«Латинист».
Той же осенью познакомился я с одним из людей, кто имел на меня особое и несомненное влияние. С Марком Наумовичем Ботвинником. Человеком странной судьбы и странного нрава, чья жизнь, с одной стороны, так типична для многих интеллигентов его поколения, а с другой — вовсе не схожа с их жизнью, да и вообще ни с чьей.
В узком, длинном, высоком, как всегда темном коридоре Академии художеств мы — несколько энтузиастов классического образования — ждали первой встречи с преподавателем латыни (латынь в Академии художеств середины пятидесятых — невероятное происшествие, нежданный плод моей энергии и приверженности языкам, а главное, декларированного намерения заниматься Античностью!).
Ждали долго. Таинственный «латинист» сильно опаздывал, а когда появился, немало нас озадачил. Представлялось нечто почтенное, из «раньшего времени», по выражению Паниковского («латынь из моды вышла ныне»). Однако вместо седовласого профессора появился еще молодой (ему было тогда тридцать семь) человек, одетый не так чтобы хорошо, но в уже становившемся редкостью крахмальном воротничке. Тонкий насмешливый голос, улыбка, несколько даже глумливая. Что-то в нем было отстраненное, словно ничего он не принимал всерьез. Если бы тогда я читал Булгакова, мне почудилось бы в Марке Наумовиче нечто от персонажей свиты Воланда (тонкая мудрость за внешним ерничеством), и еще неуловимое сходство с молодым Фейхтвангером мерещилось в нем.
К тому же он был как-то не по возрасту и легкомысленно надменен. Поспрашивав, чем и с кем мы занимаемся, он, не церемонясь, отозвался обо всех уничижительно, о наших античниках сказал, что они ничего не знают (по масштабам серьезной науки, он, может, и был прав, но уж очень презрительно это было заявлено).
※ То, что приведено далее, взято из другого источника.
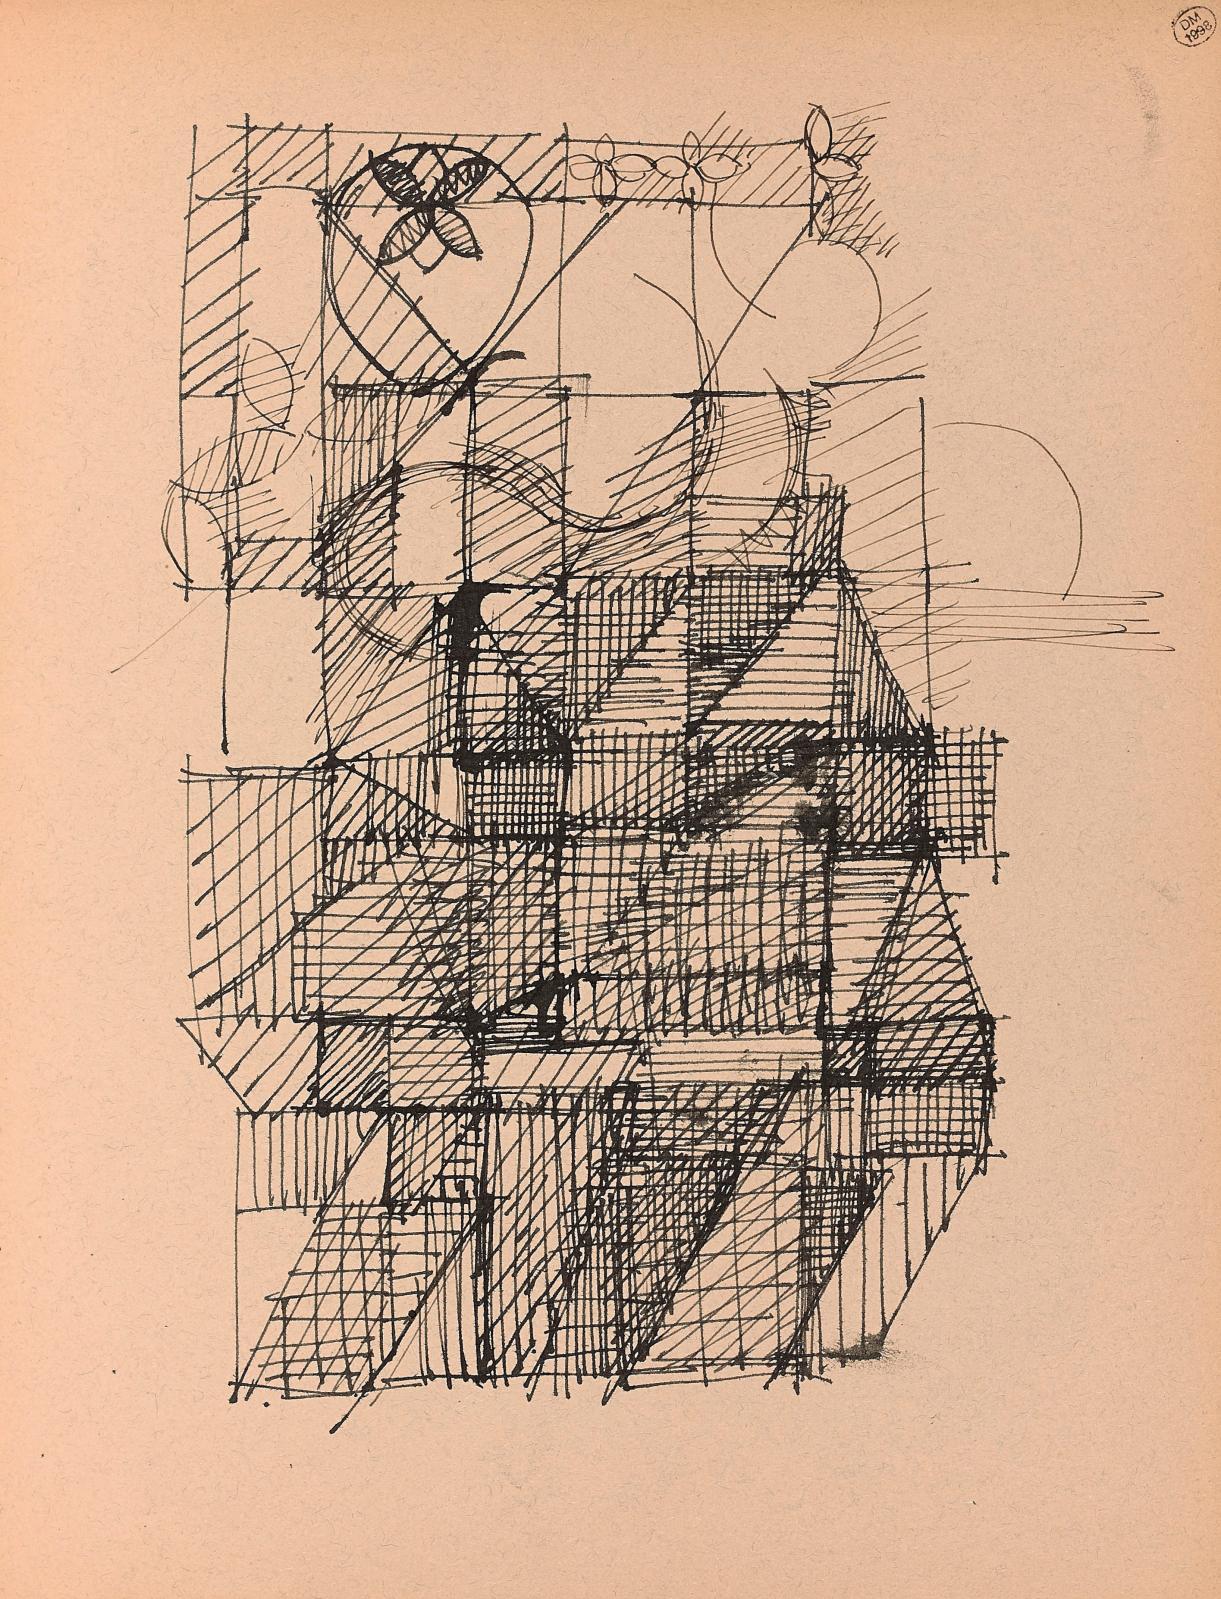 Cette Étude géométrique à l'encre sur papier (600/800 €) est située autour de 1966, date d'un carnet d'études aux croquis similaires. En 1

Вовсе не смущенный собственным опозданием, он не подумал извиниться, но вместе с тем решительно отказался от всякой фамильярности по отношению к нам, объявив, что по старой университетской традиции будет называть нас только по имени и отчеству. Поскольку одна из будущих латинисток была эстонкой, а другая носила слишком экзотическое имя, обе они поначалу оказали яростное сопротивление, которое наш новый учитель решительно проигнорировал. Мы жили в жесткой структуре устоявшихся клише, и непривычное — раздражало. Марк Наумович не принимал условностей. Точнее, у него была совершенно нестандартная собственная, как бы мы сейчас сказали, коммуникативная система.
Он предложил нам уроки на дому. Это было любопытно, и мы с удовольствием согласились.
Жил он на Стремянной, в барской, огромной, по моим тогдашним понятиям, квартире. Во многом этот дом с тьмой книг и решительным презрением к быту был мне мил. Но там не находилось и намека на ту расхожую респектабельность, которой алкала моя истосковавшаяся по комфортабельно-буржуазной жизни душа. Мы жили в страшной коммуналке, и для меня в этом презрительном беспорядке, в неуюте просторной квартиры с прекрасной мебелью было что-то оскорбительное — словно люди не ценили того, о чем другие и мечтать не могут. В этих моих мыслях было, несомненно, нечто мелкое, но все же и не вполне несправедливое.
Авторитетов для Марка Наумовича почти не существовало; такой нигилизм меня оскорблял. Не имевший никаких ученых степеней и даже латынь знавший вовсе не идеально, любивший светскую болтовню куда больше своего предмета, он показался мне человеком поверхностным и недобрым. Мне не нравились долгие разговоры (монологи) вместо занятий, апломб, презрение к мнениям других (а уж к нашим, студенческим, — тем паче), кокетливый скепсис, странный этот неуют интеллигентнейшего дома, лампочка без абажура, ввернутая в красивый бронзовый настольный светильник, какая-то чемоданная обстановка.